Автор книги: Владимир Викторович
Жанр: Исторические приключения, Приключения
Возрастные ограничения: +16
сообщить о неприемлемом содержимом
Текущая страница: 21 (всего у книги 72 страниц) [доступный отрывок для чтения: 23 страниц]
Нет сомнения, что литература и публицистика не выигрывают, что представители ее «сидят по углам», как замечают «Соврем<енные> известия». Справедливо, что от крайнего разъединения происходит – в значительной степени – «нестроение в печати, и ее раздор, и разрыв с преданиями, наконец, самая грубость в приемах полемики, доходящих иногда до пределов, просто нетерпимых в обществе, сколько-нибудь уважающем приличия». Бывают, правда, элементы совсем несоединимые; но зато есть много других, которые, при всей разности мнений в частностях, могли бы вполне понять друг друга и идти вместе к общим, одинаково понимаемым целям. Нам случилось встретить на Пушкинском празднике немало старых друзей, встретить новых, в том числе между полупротивниками, и это было не последним удовольствием праздника.
К сожалению только, это было его случайной подробностью.
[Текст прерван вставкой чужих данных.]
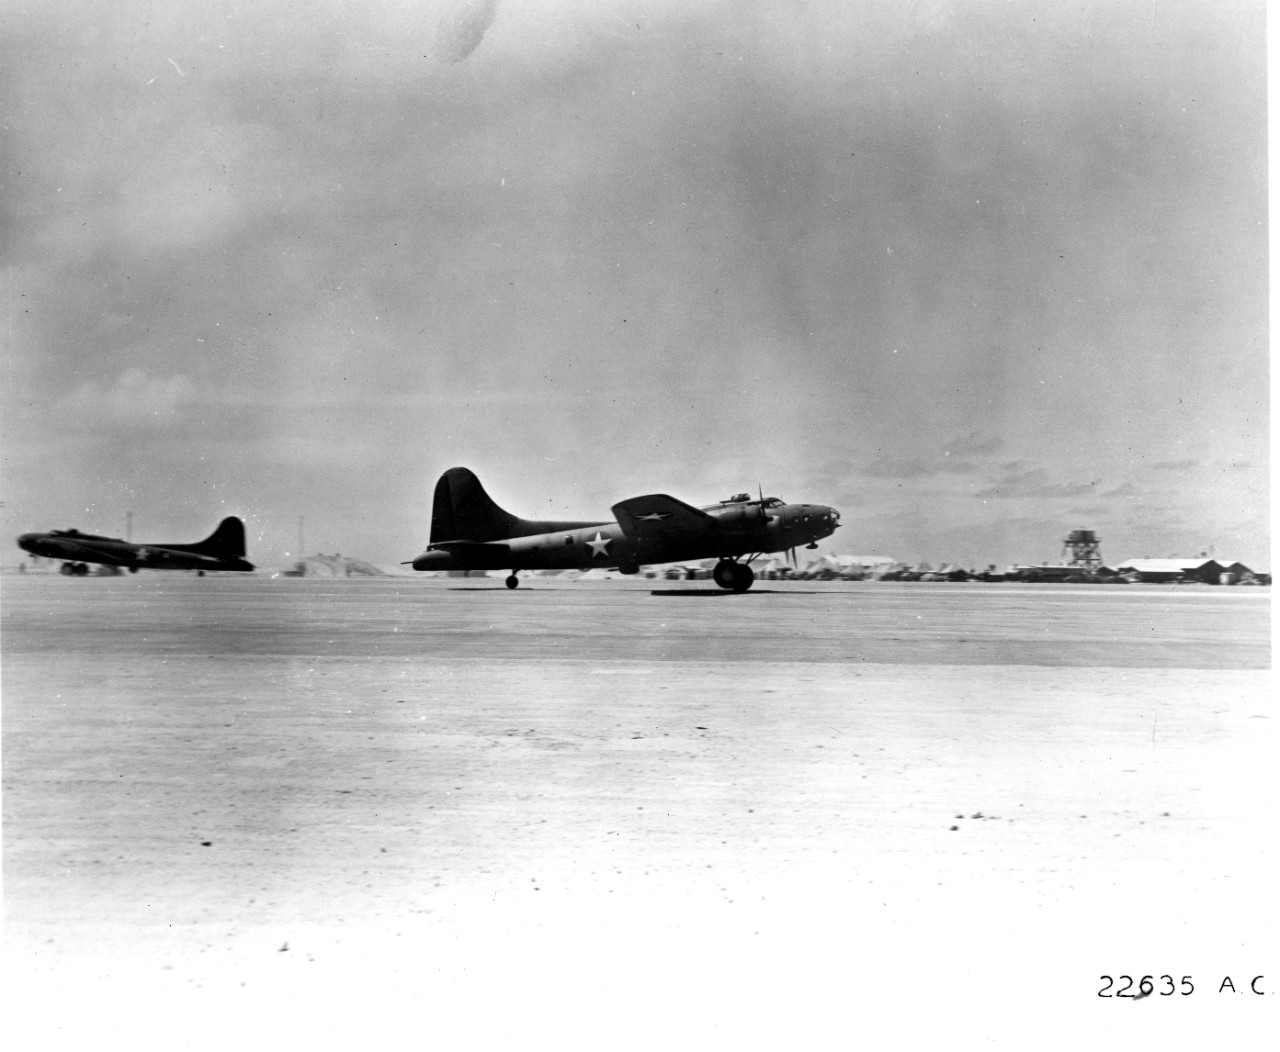 Photo #: USAF 22635 AC  Battle of Midway, June 1942

Праздник ограничился интересами художественными и платоническими. Речи изображали нам Пушкина как великого поэта и мало, почти совсем не касались его как человека своего времени, ставившего себе патриотические вопросы о предметах общественных, горячо желавшего для них работать со своими идеями об истории России и особенностях ее внутреннего быта. Общественные взгляды Пушкина представляют, конечно, великий интерес: они не были посторонней прибавкой к его поэзии, а напротив, тесно с ней связаны; многие из его основных произведений внушены – его идеями историческими, его пониманием современных политических и внутренних отношений. В своей поэзии он искал пользы своему народу, не одной отвлеченной, платонически-художественной, но прямой, живой и непосредственной пользы, считал своей заслугой, что лирой пробуждал добрые чувства и призывал милость к падшим – трогательная черта, не забытая поэтом в представлении о труде его жизни.
Выяснить эту нить общественных идей, которая идет от Пушкина к нашему времени, могло бы быть любопытной темой, – которая, между прочим, выяснила бы значительно его историческое значение, о каком мы выше упоминали. Но почти не была тронута ни эта доля его истории, ни состояние общества, в котором ему пришлось действовать, – и не была выведена параллель, из которой можно было бы, напр., видеть, в чем улучшились условия общественной деятельности и литературы или в чем совсем не улучшились.
Заметно было, что такая параллель была близка, что хотелось из самого праздника вывести практический результат, выразить желания, которые являлись сами собой; но мысли останавливались на полдороге, слова не были досказаны (напр., речь г. Сухомлинова, как в Петербурге речь г. Градовского).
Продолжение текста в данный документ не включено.